* [What is required]:
Quote exactly, and only, the lines of the material below from the line with "Face of horse, Jesus" through the line with "Zeeland West players".

* [Task inputs]:
◆ ◆ ◆ ◆ ◆ ◆ ◆
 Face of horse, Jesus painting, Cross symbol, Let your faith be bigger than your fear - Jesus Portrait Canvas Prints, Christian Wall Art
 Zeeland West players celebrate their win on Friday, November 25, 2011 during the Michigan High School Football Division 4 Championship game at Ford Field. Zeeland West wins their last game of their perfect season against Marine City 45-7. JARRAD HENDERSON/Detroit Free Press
◆ ◆ ◆ ◆ ◆ ◆ ◆
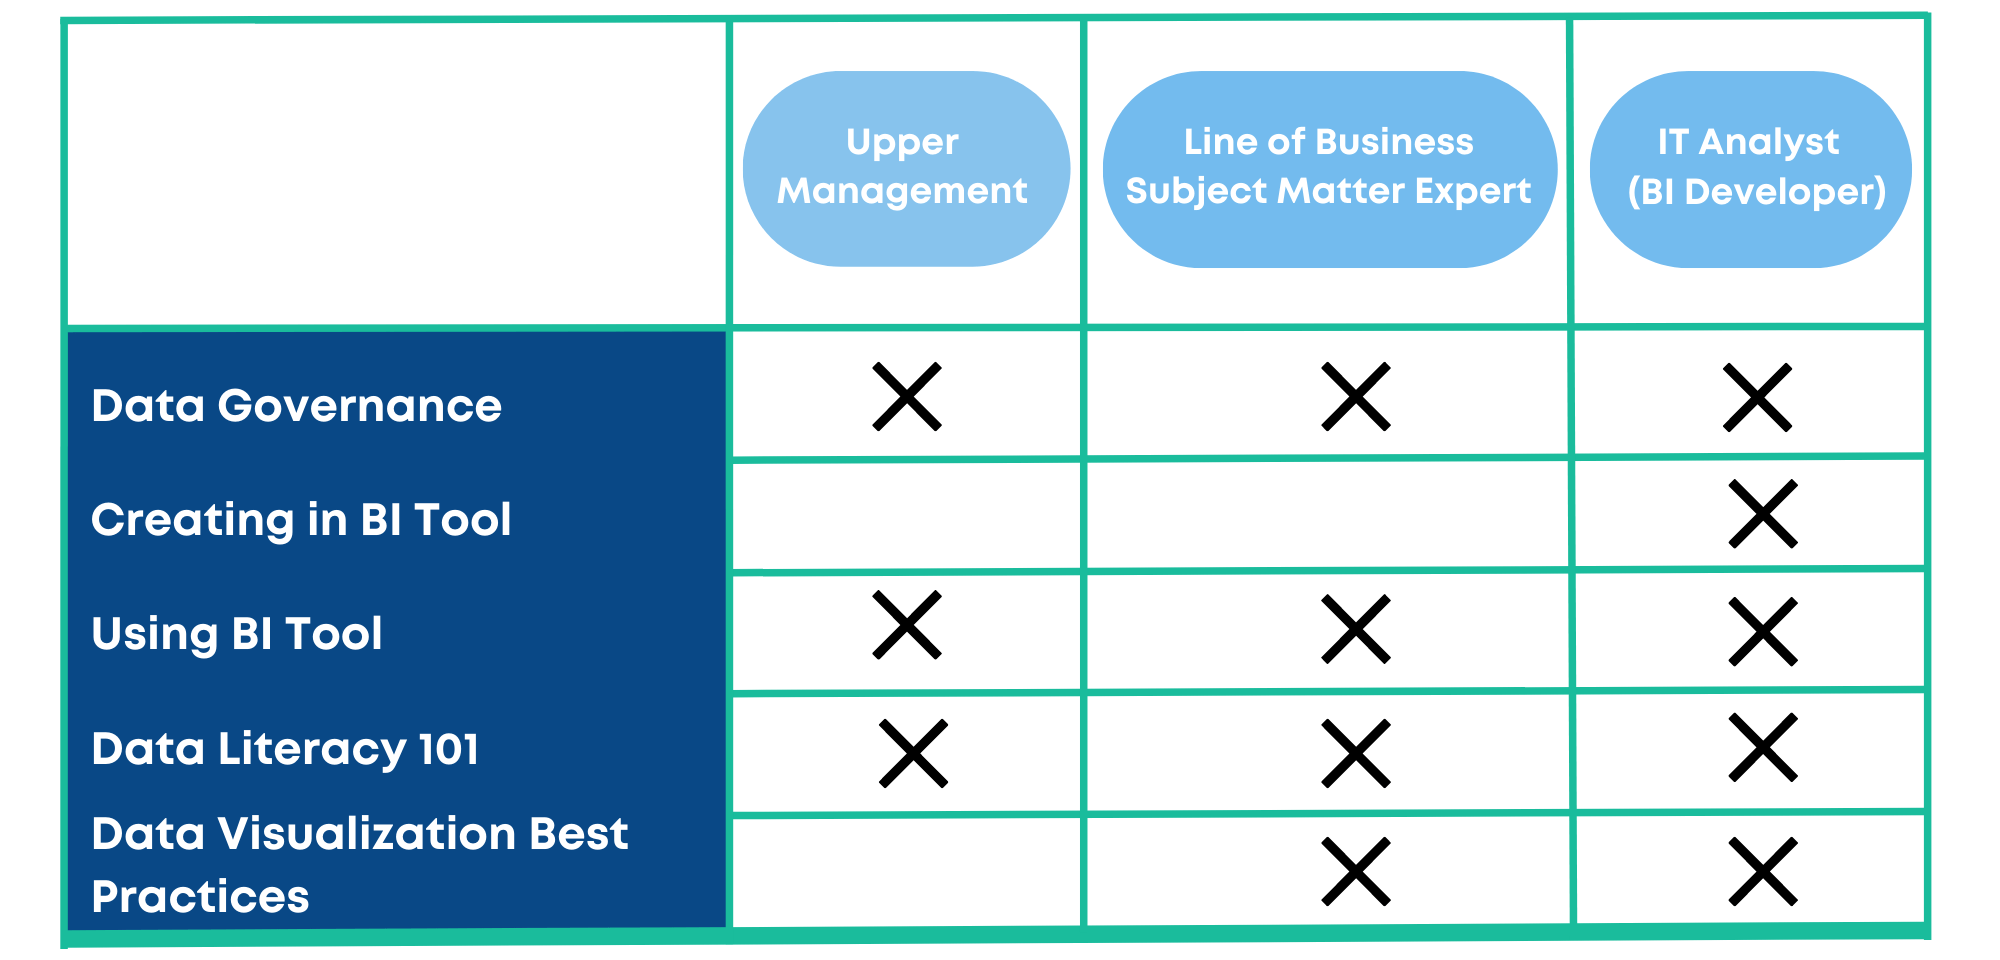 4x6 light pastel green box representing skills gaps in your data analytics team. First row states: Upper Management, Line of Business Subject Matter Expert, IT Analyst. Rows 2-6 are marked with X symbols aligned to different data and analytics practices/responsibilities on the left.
◆ ◆ ◆ ◆ ◆ ◆ ◆
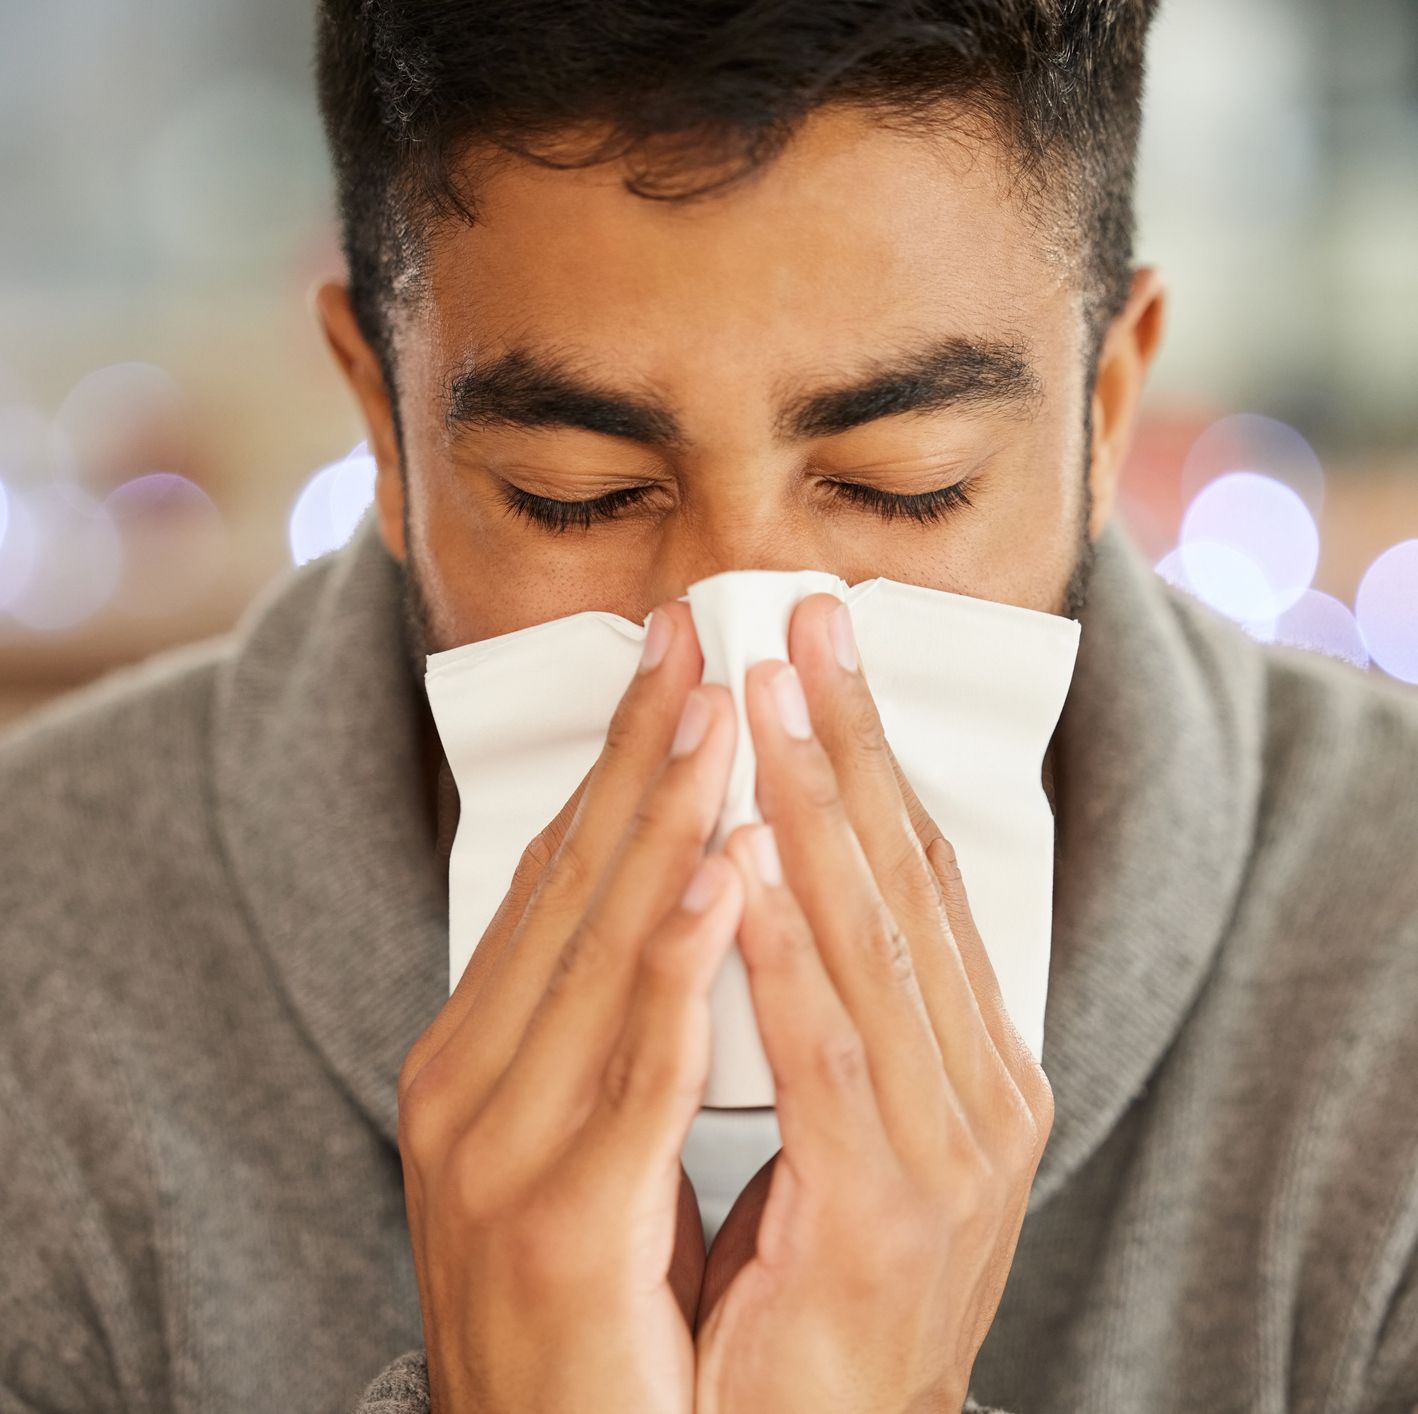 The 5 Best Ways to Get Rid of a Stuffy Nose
◆ ◆ ◆ ◆ ◆ ◆ ◆
* [Answer to this exercise]:
 Face of horse, Jesus painting, Cross symbol, Let your faith be bigger than your fear - Jesus Portrait Canvas Prints, Christian Wall Art
 Zeeland West players celebrate their win on Friday, November 25, 2011 during the Michigan High School Football Division 4 Championship game at Ford Field. Zeeland West wins their last game of their perfect season against Marine City 45-7. JARRAD HENDERSON/Detroit Free Press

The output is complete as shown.